My reaction was to write the second shortest article in the history of Lazy Man and Money (this is the shortest). It would consist of simply two words:

Diversify. Wait.

I was really hoping that Kiplinger's made that the whole article. I think it would have gotten a good laugh and perhaps made some news for being a little weird (in a good way).

These two words work for many people. If you are properly diversified a market downturn will unlikely apply to your whole portfolio. Your real estate, bonds, and/or gold would likely not drop 10% at the same the S&P 500 does. If you wait for a recovery, you avoid panic selling that often leads to people buying high and selling low... which is the recipe for losing money.

The article's advice itself was slightly different.

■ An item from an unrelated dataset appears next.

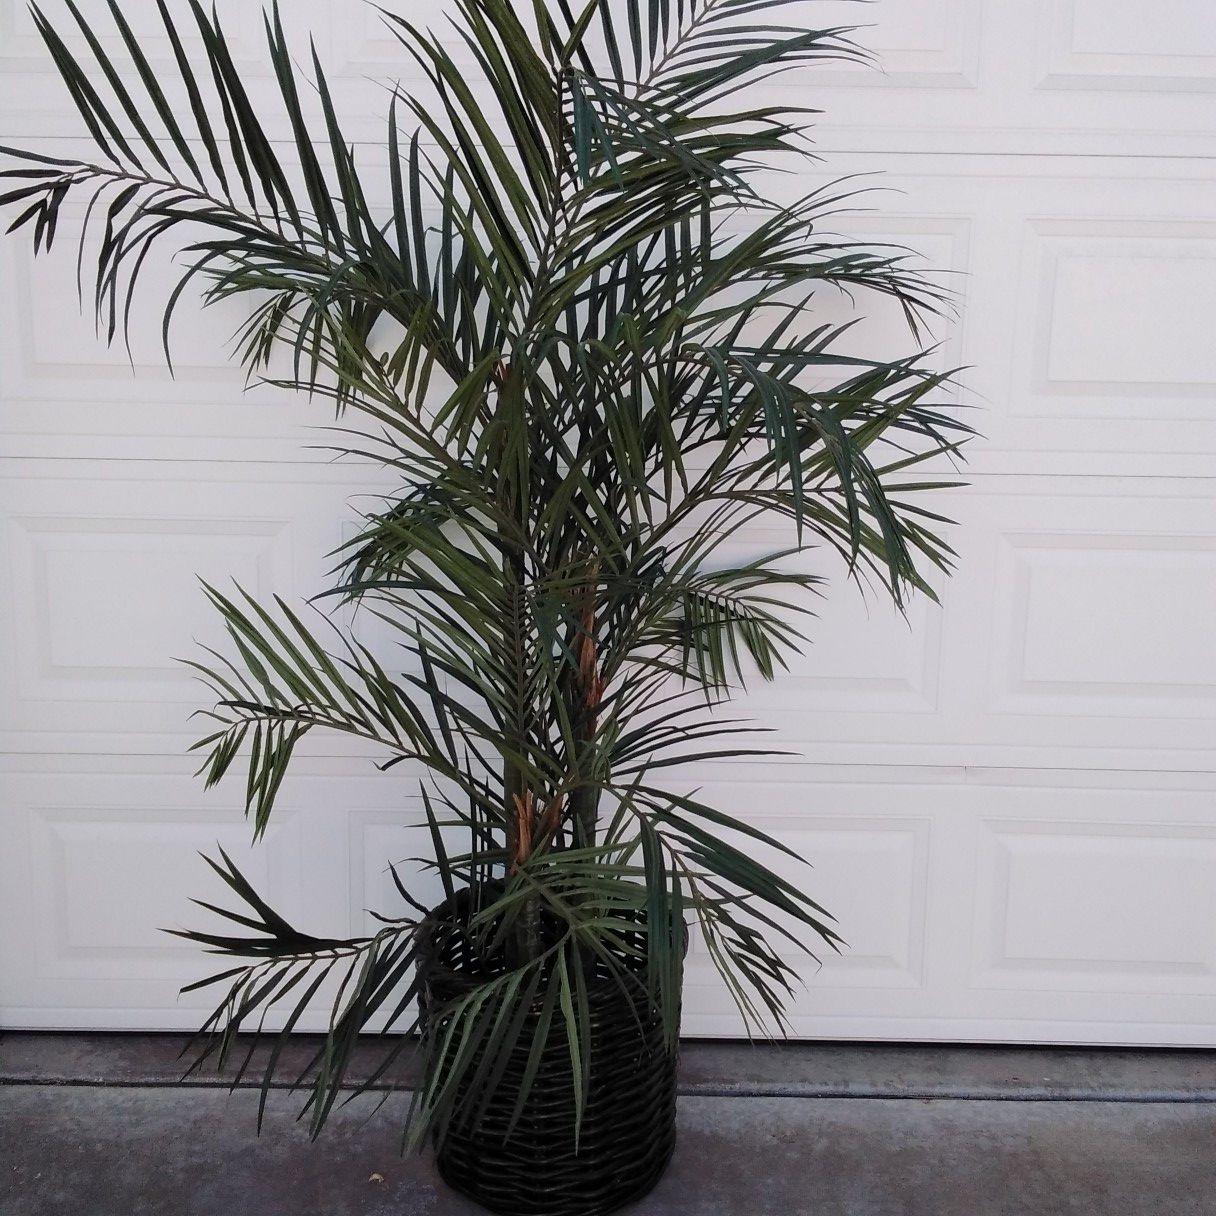 Artficial plant

It suggests that with the market reaching high, some are selling winners and holding the profits in cash. If/when the correction comes, this cash can be used to buy quality companies at a discount. There was also a suggestion to ignore the negative news and media and remember that markets typically rebound in after several months, which in small way amounts to my thought of simply "wait."

It's all very useful stuff. I recently sold nearly $8K of Apple stock that had appreciated very quickly over the last few months (I kept some as well). I've been looking for a place for this money, but now I'm thinking it's best just to keep it in cash and use it when a buying opportunity arises.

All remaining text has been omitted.